I learn new things about myself every day.  Even on the days that I am not experiencing symptoms of anxiety or bipolar disorder I learn something else about myself.  When I started this journey over a year and a half ago, I knew that I wanted to make a change and I wanted mental stability.  The only way to get the mental stability that I was looking for was to be intentional about the recovery process. 

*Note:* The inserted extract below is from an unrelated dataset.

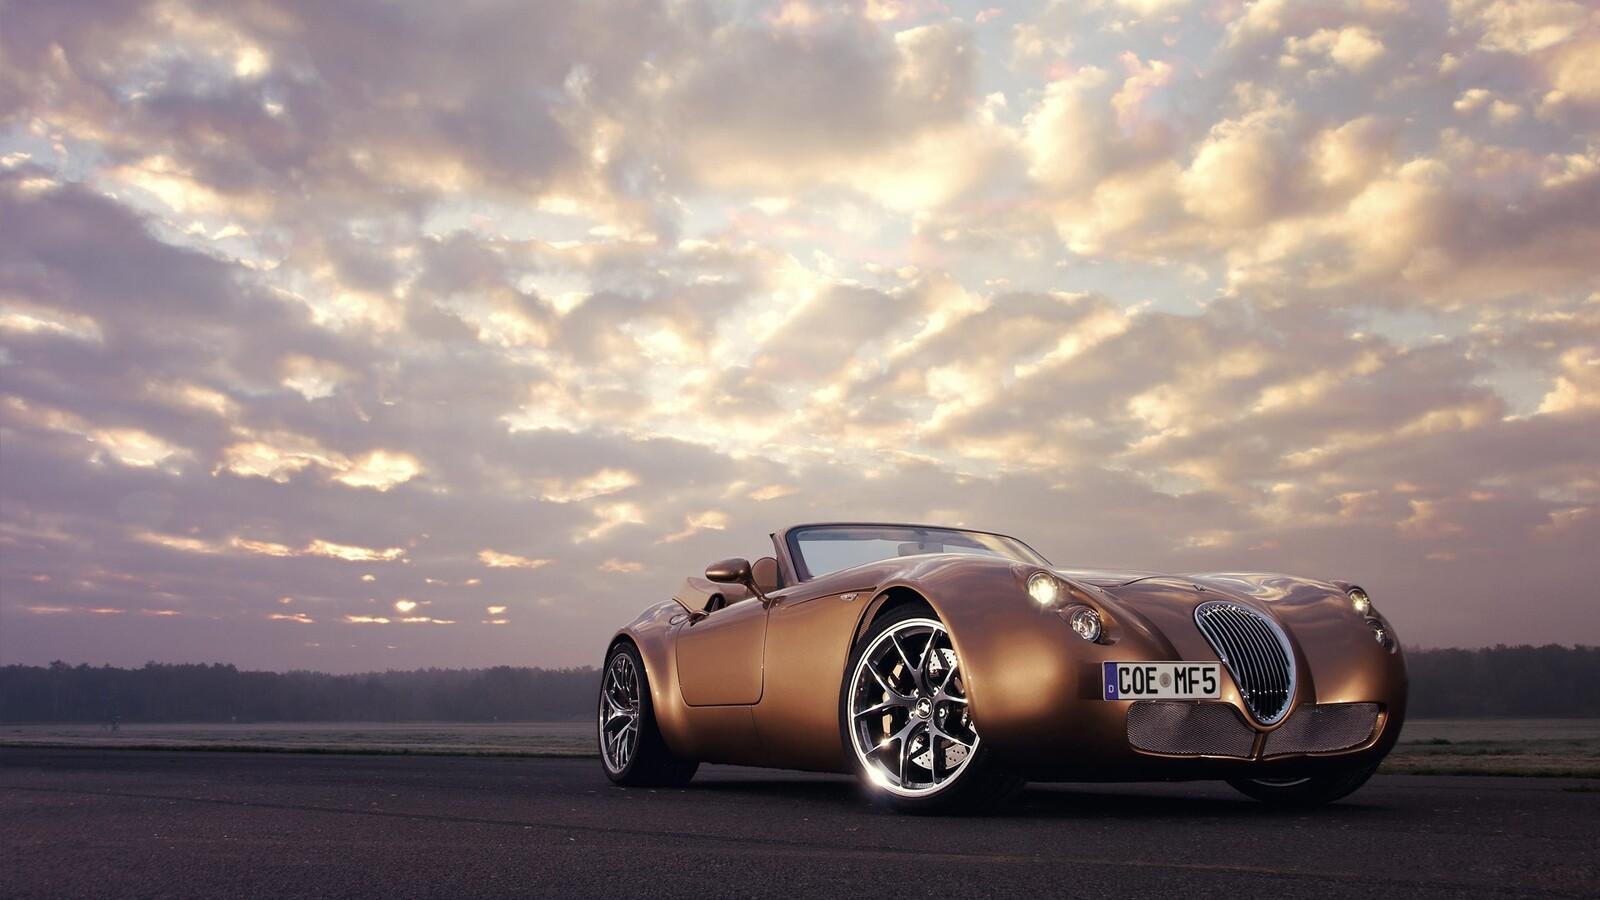 1600x900 Golden Vintage Car 1600x900 Resolution Hd 4k

For me, therapy was so very important and useful for many reasons. 

The main reasons were to develop skills and strategies about coping with my illness, as well as investigate past traumas and occurrences in relation to my mental health and behavior. When I first started going to therapy, it did not dawn on me that my past and my mental health disorders did play a role in my behavior, and at times they went hand in hand. Realizing this made a lightbulb go off.  I wanted to explore this more. I was devoted to bettering myself and becoming a better person.

One of the things that I began to realize when I started therapy on a regular basis was that attitude and mindset are so crucial in seeking stability on the road to recovery.  Our minds are so powerful, and we truly do become what we think.  I never thought about this.  I was too concerned with acting and reacting and not really paying attention to my attitude at times.

Mindset is so very important when traveling on road to recovery and creating stability. 

I know that for years, I carried a lot of negative thoughts and didn’t see any progress.  I then began to realize that having a positive attitude would greatly impact my treatment and make getting better a little bit easier.  Every day is not going to be easy.  Having a mental disorder is no walk in the park, but once I began to change my mindset I discovered that I can have the stability that I so desperately wanted.  There was no longer room for negativity.

The shift in my mindset has been one of the greatest things that has help me maintain my mental health disorder.  Positive thoughts yield positive outcomes.